Mentionnons que notre recherche a exploré les systèmes d’activité dans un temps limité en mettant en perspective le système d’activité au démarrage du projet et ses formes culturellement avancées, un peu à la manière d’un « Change Laboratory ». Nous avons ressorti le système d’activité des sujets enseignants à trois moments précis, soit avant l’introduction des TIC, pendant l’intégration avec les sous-groupes et pendant l’intégration

131 avec toute la classe. Cette façon de faire peut nous mener à situer l’activité dans un cycle d’expansion, tel que conçu dans l’apprentissage expansif d’Engeström (Engeström, 1987). Nous n’avons que très peu abordé ce concept et nous nous sommes davantage centrée sur le 2e niveau de contradiction d’Engeström (1999), mais ce cycle peut être utilisé plus largement et les quatre niveaux de contradiction que nous avons évoqués constituent un modèle qui peut être associé aux phases du cycle expansif, tel que le précise Miettinen (2009).
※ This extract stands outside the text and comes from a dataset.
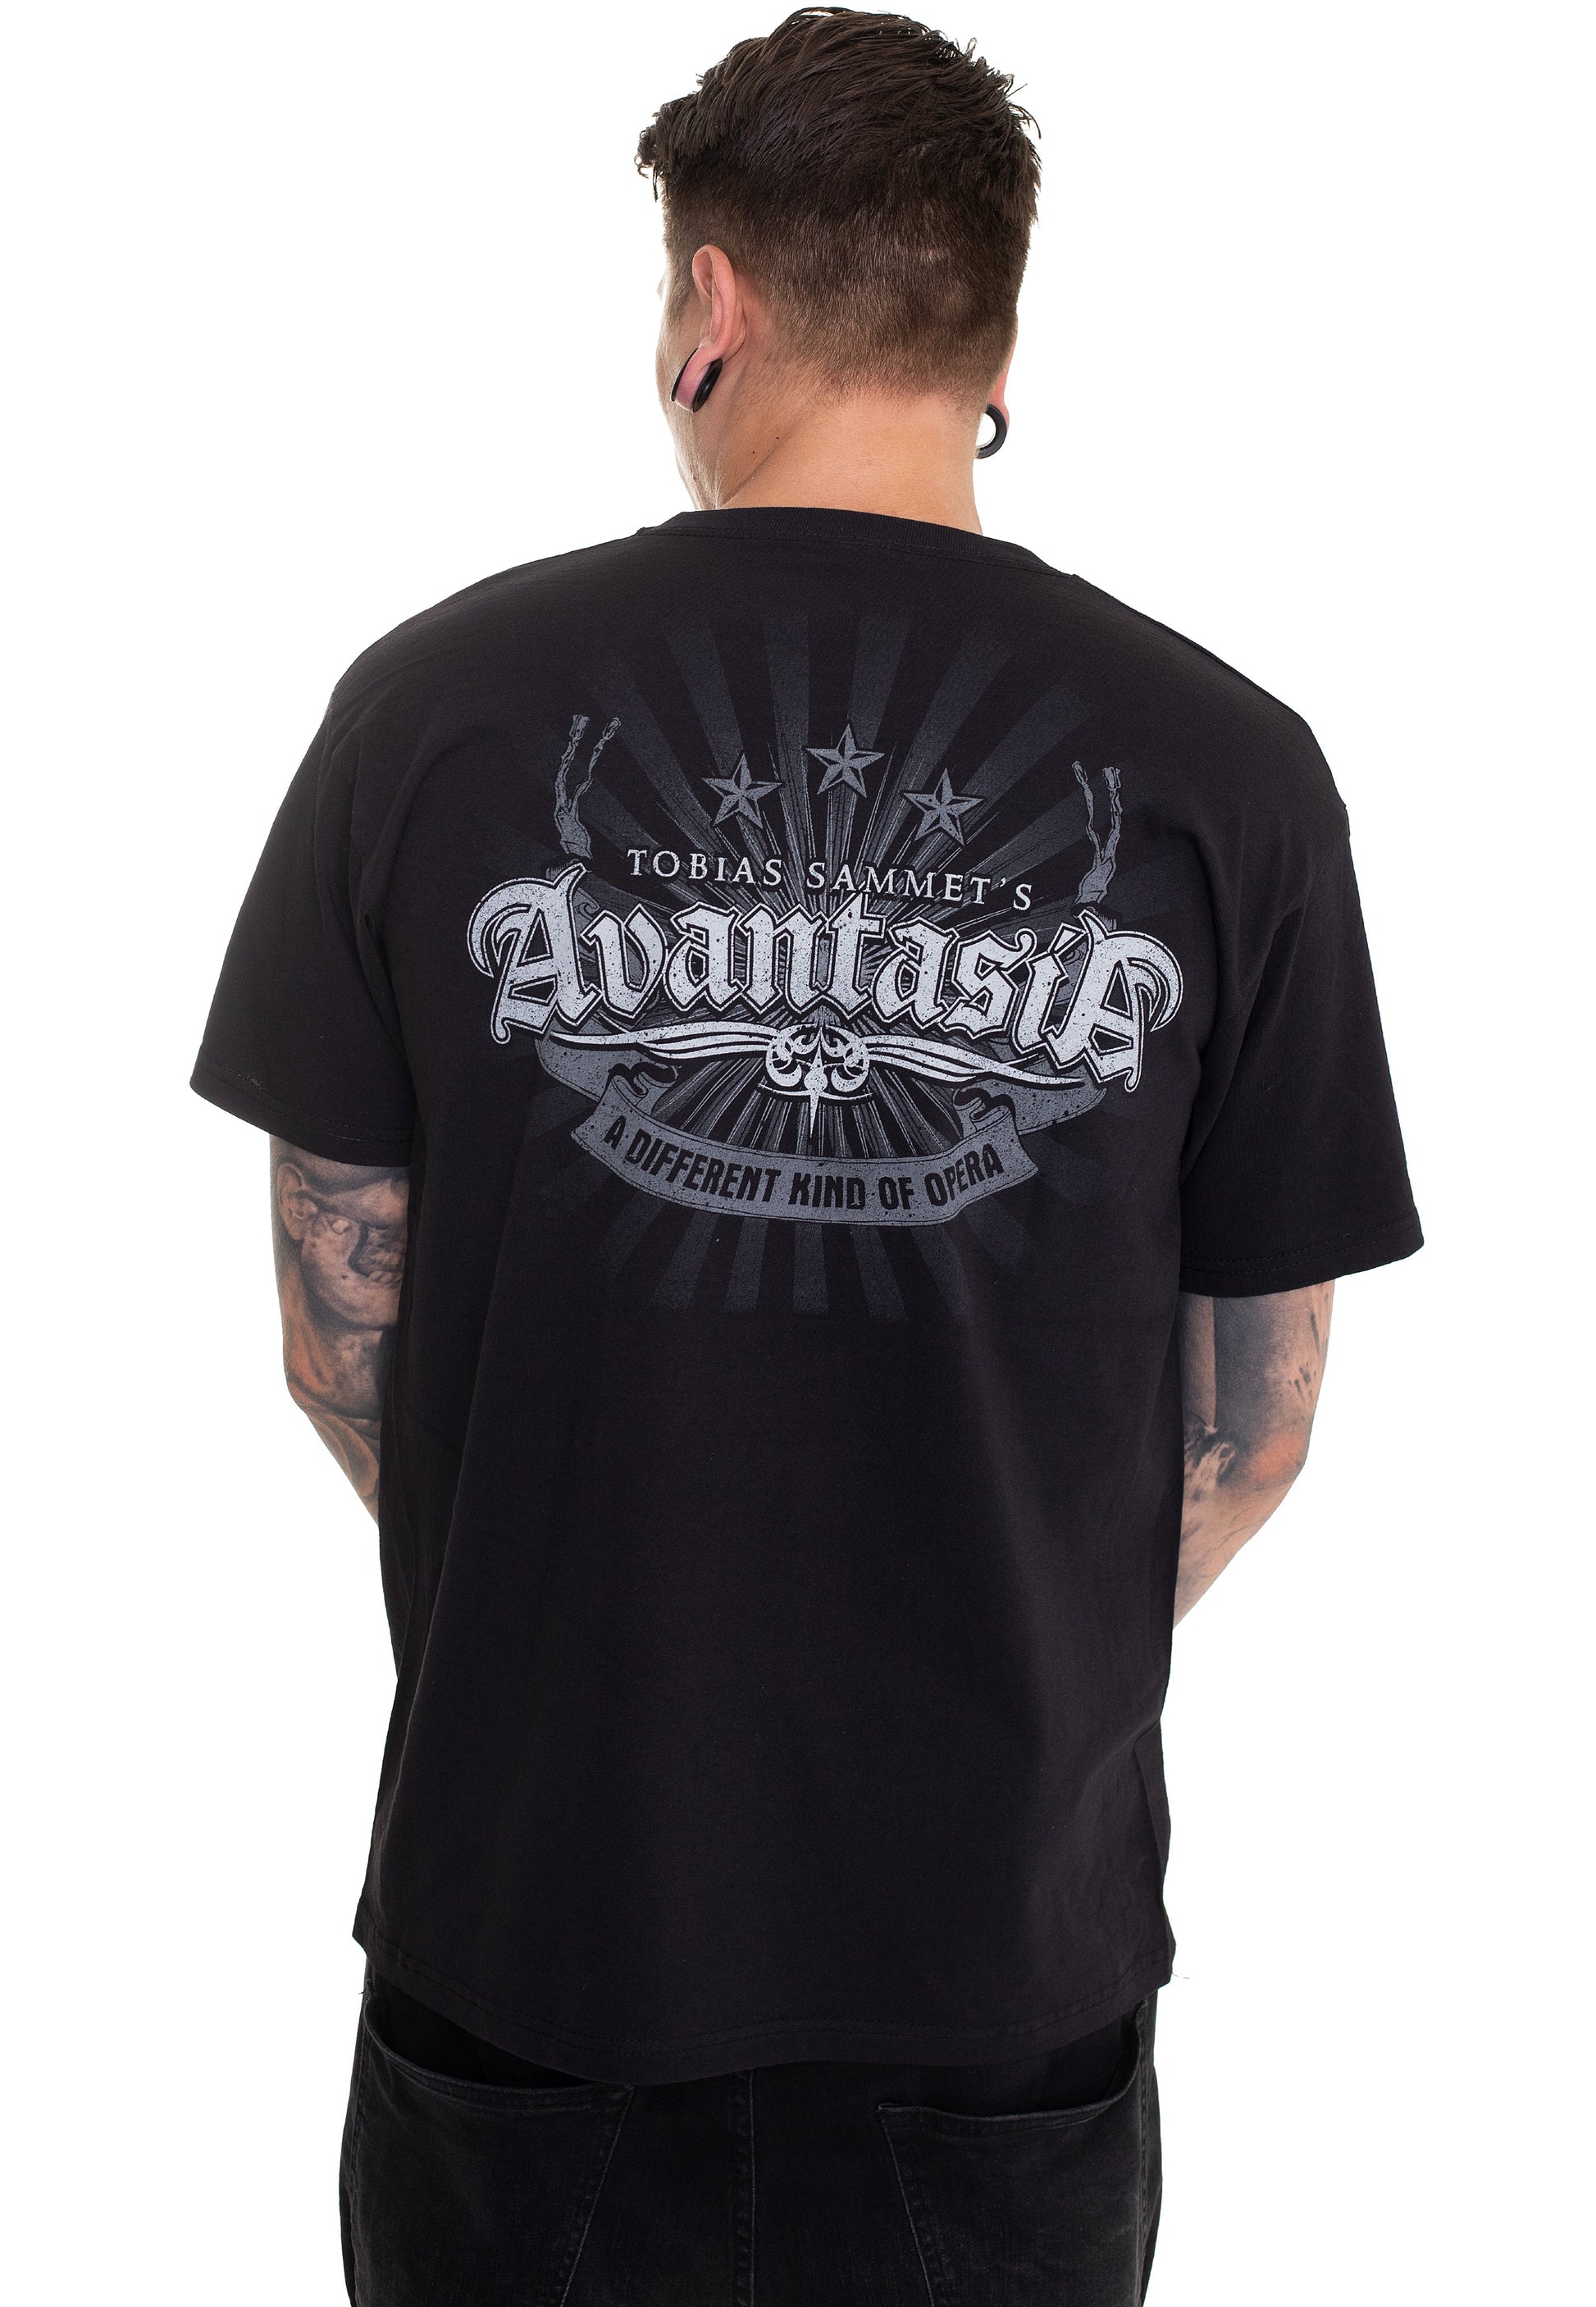 Avantasia - Opera Grotesque - T-Shirt

Malgré la distance que présente notre recherche avec la méthode du « Change Laboratory », nous désirons pointer ce type de recherche comme étant une piste à suivre dans le cas de projets éducatifs développés dans les pays en voie de développement qui s’échelonnent sur plusieurs années. Pour ce qui est du projet @CTIF, le projet pourrait durer encore longtemps et s’étendre à d’autres pays. Ainsi, mener un « Change Laboratory » aurait pu s’avérer fort pertinent pour renouveler les pratiques enseignantes, en outre quand on tient compte de l’écart entre la pédagogie employée habituellement et celle proposée dans des projets issus de la culture nord-américaine. Avec un « Change Laboratory », l’équipe de travail serait majoritairement des praticiens du milieu de transformation, ce qui amènerait des propositions de transformation et d’actions en cohérence avec la culture et la réalité africaine dès le départ. Plus précisément, nous voulons spécifier par là que ce genre de méthode permet de gagner du temps tout en évitant des tensions qui sont inconnues aux praticiens d’ailleurs qui introduisent de nouvelles pratiques.